» **Task brief**:
Please reproduce the listing verbatim, without its images.

» **Exercise data**:
********

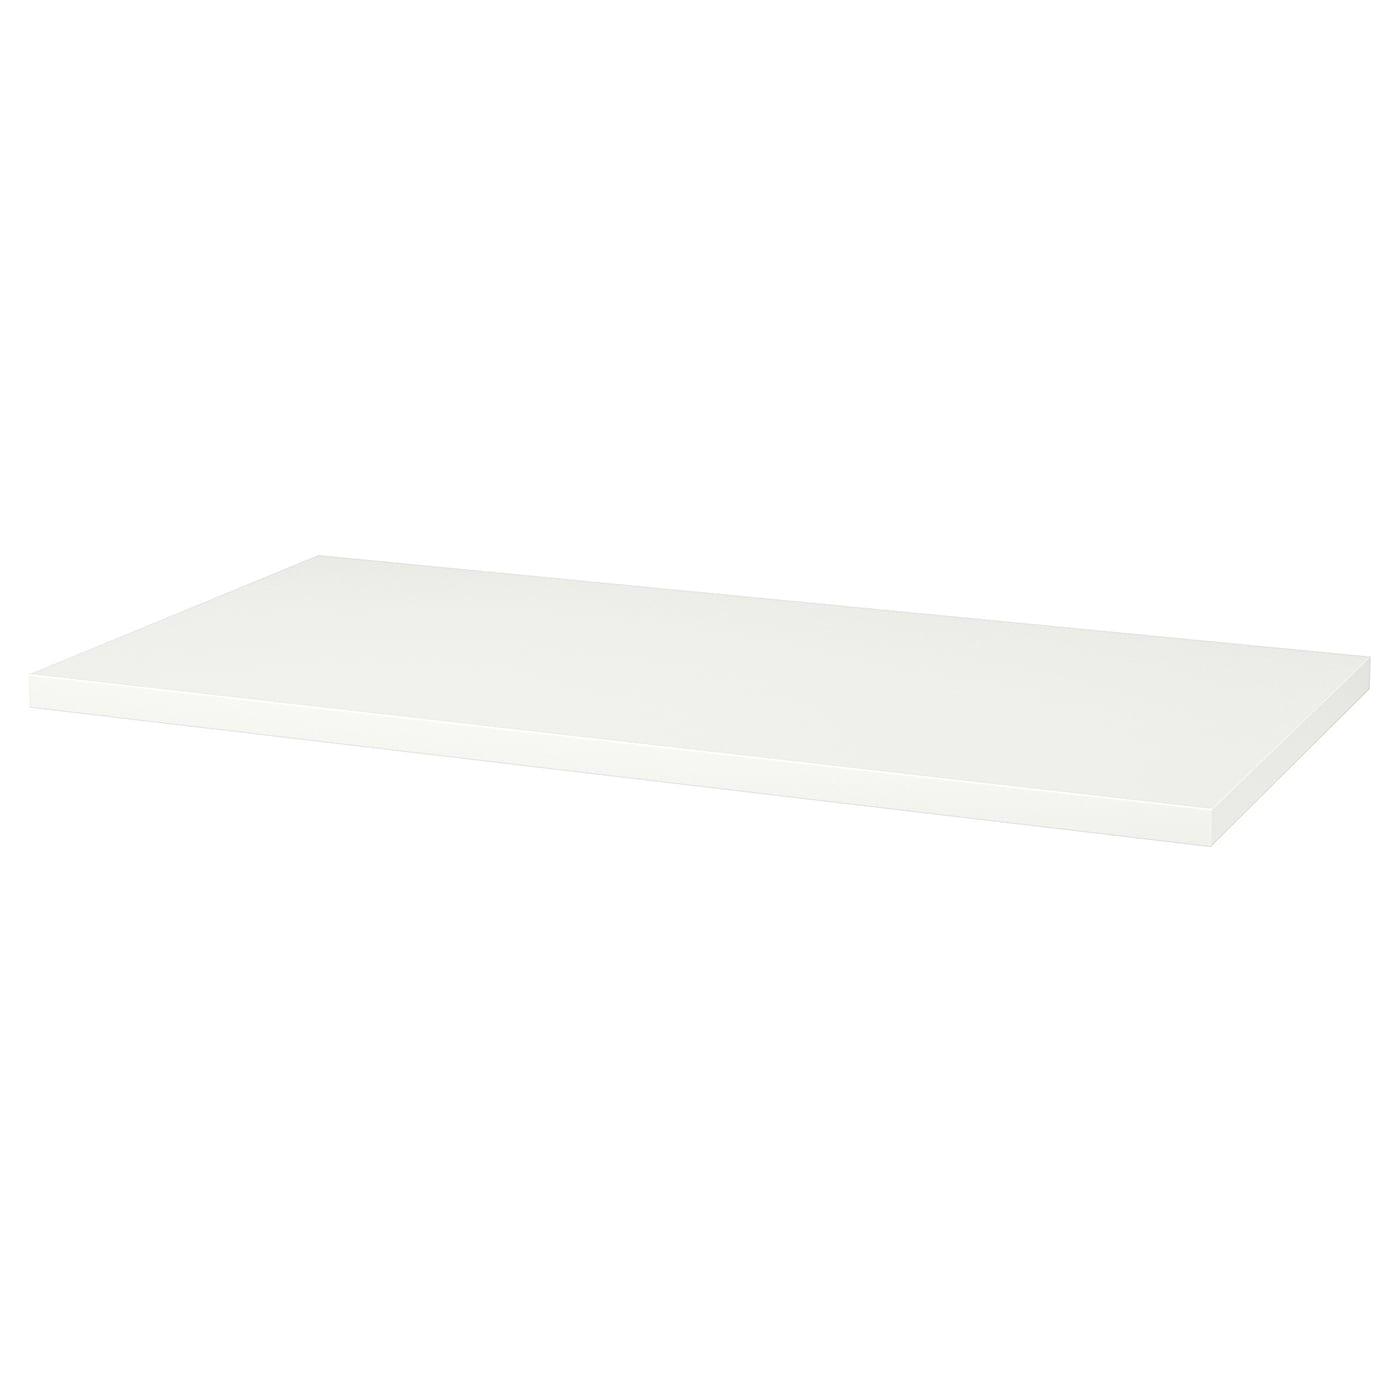 Table Tops Table Legs Trestles Table Bar System Ikea
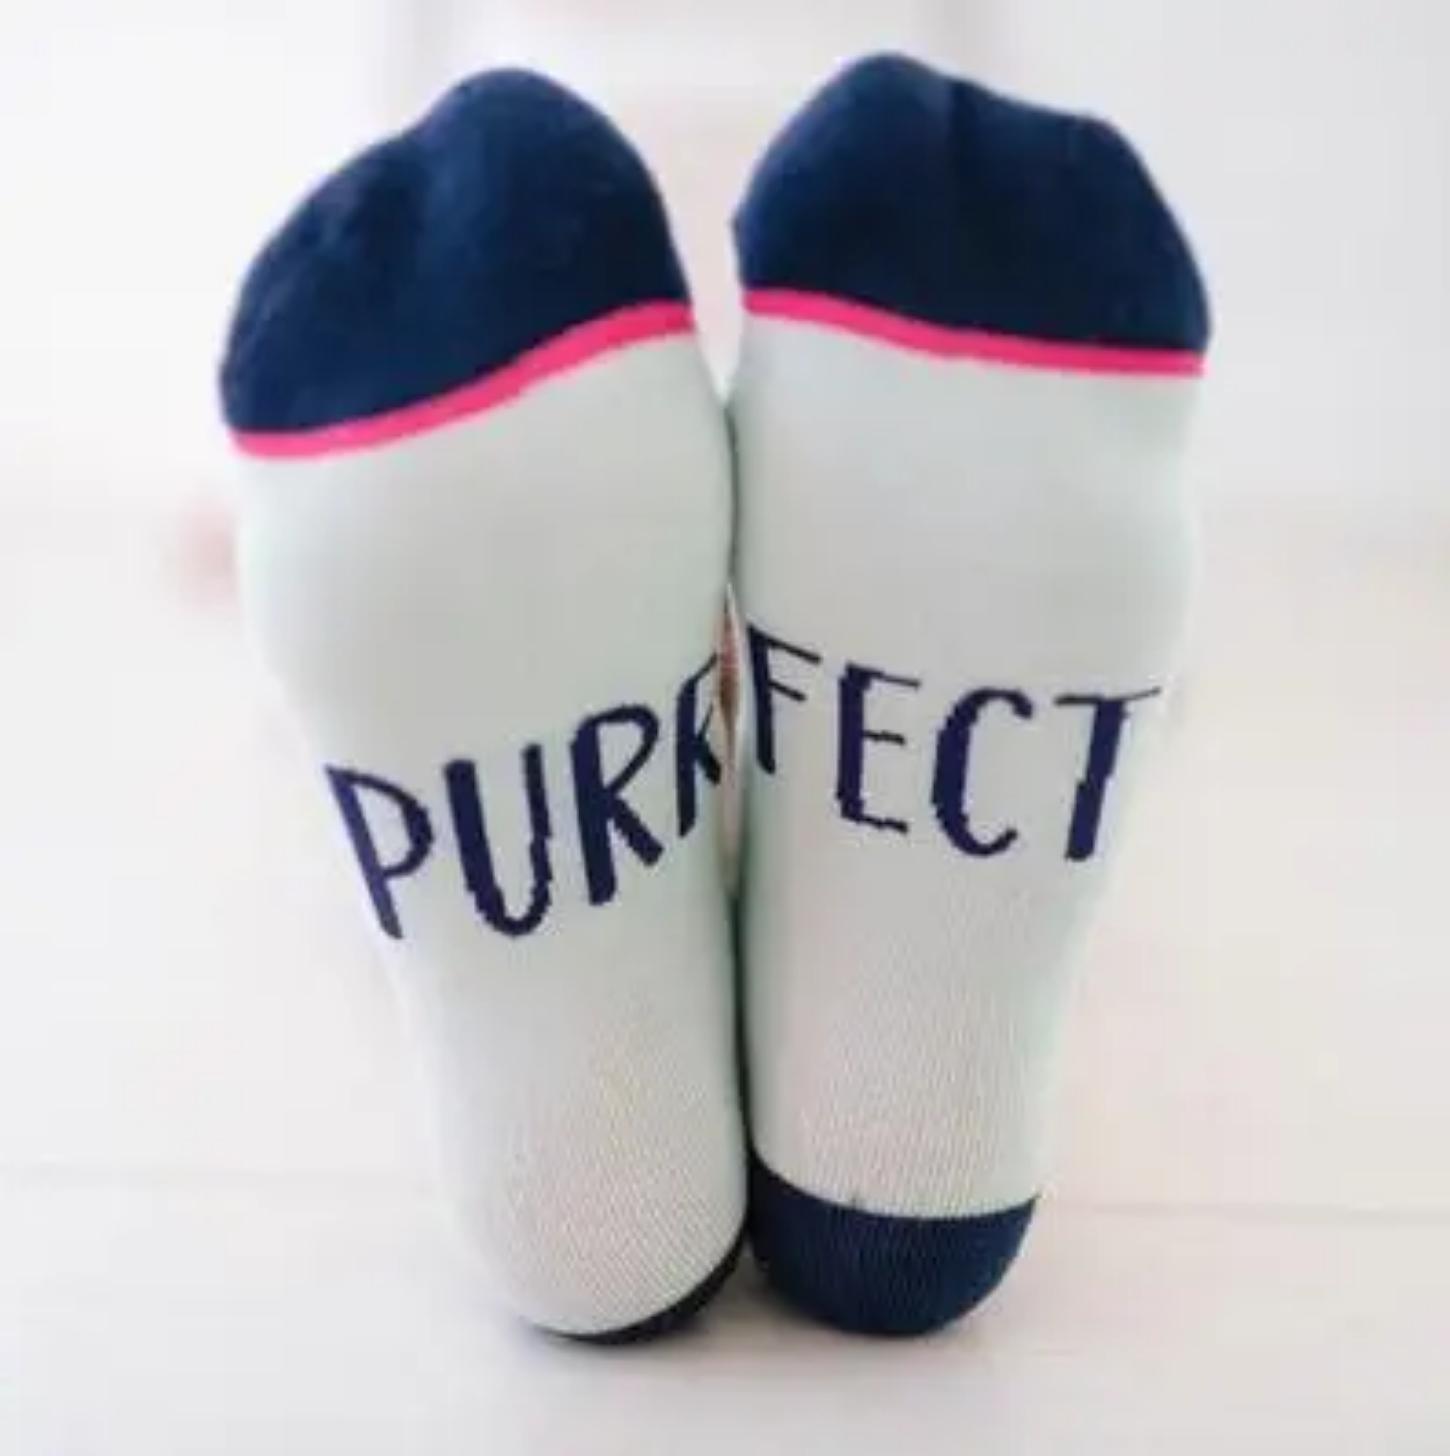 Woven Pear Purr Fect Sock
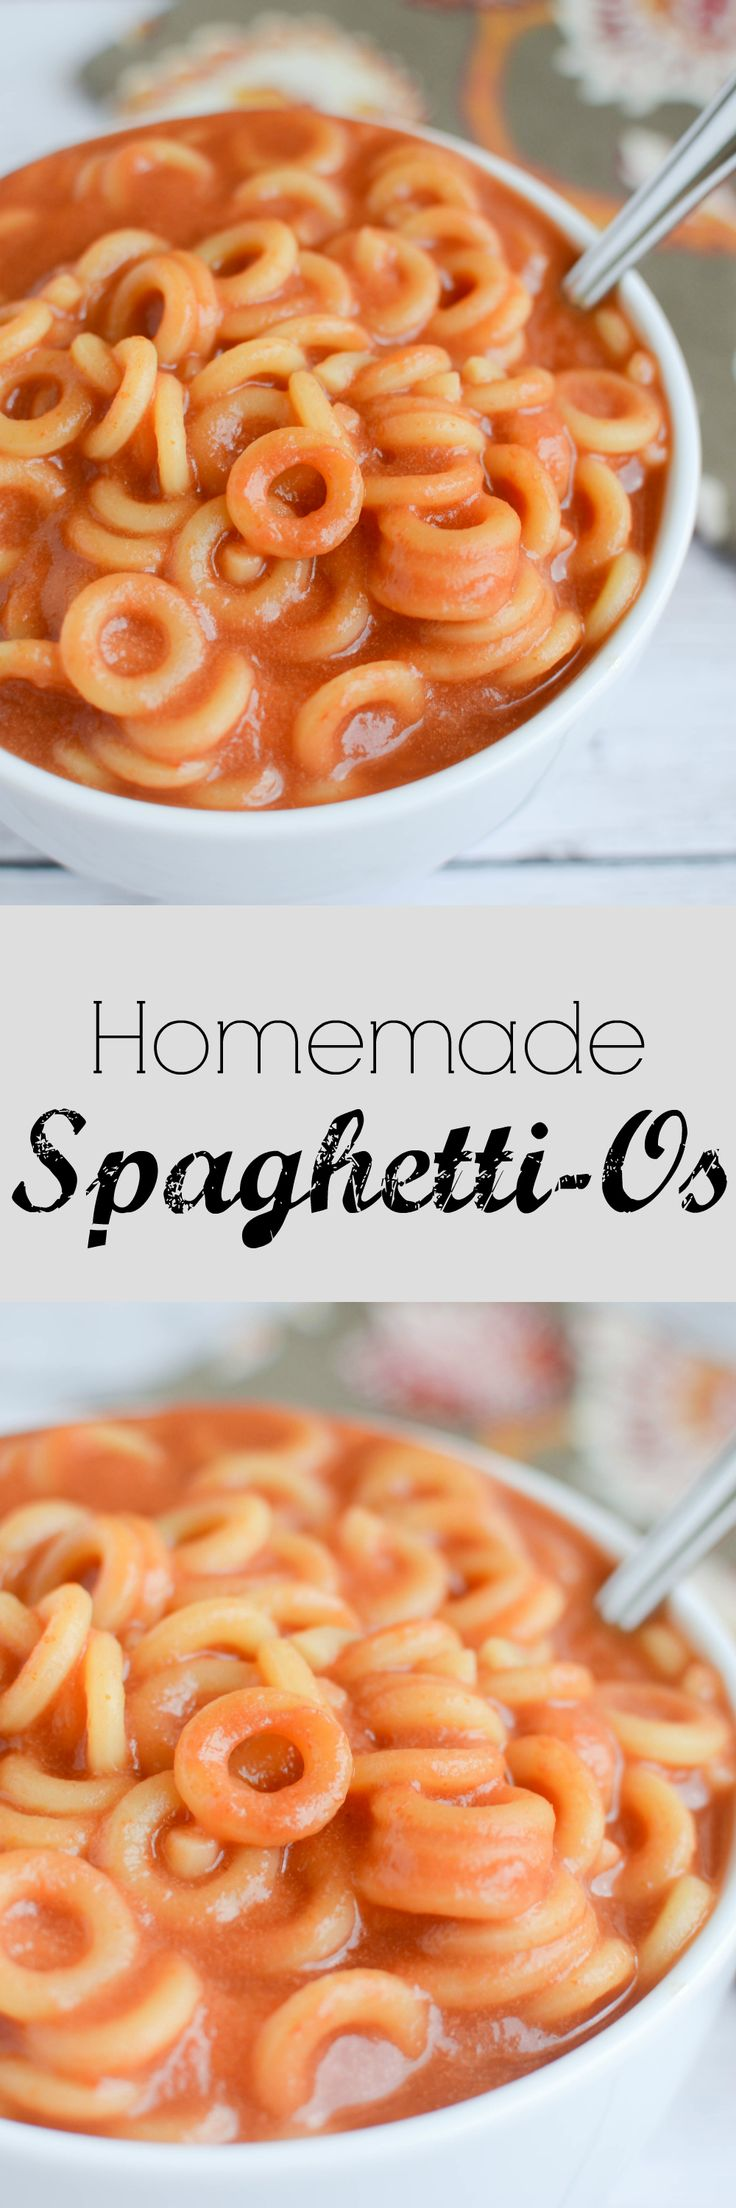 Homemade Spaghetti-Os Recipe via @fakeginger

********

» **The answer**:
 Table Tops Table Legs Trestles Table Bar System Ikea
 Woven Pear Purr Fect Sock
 Homemade Spaghetti-Os Recipe via @fakeginger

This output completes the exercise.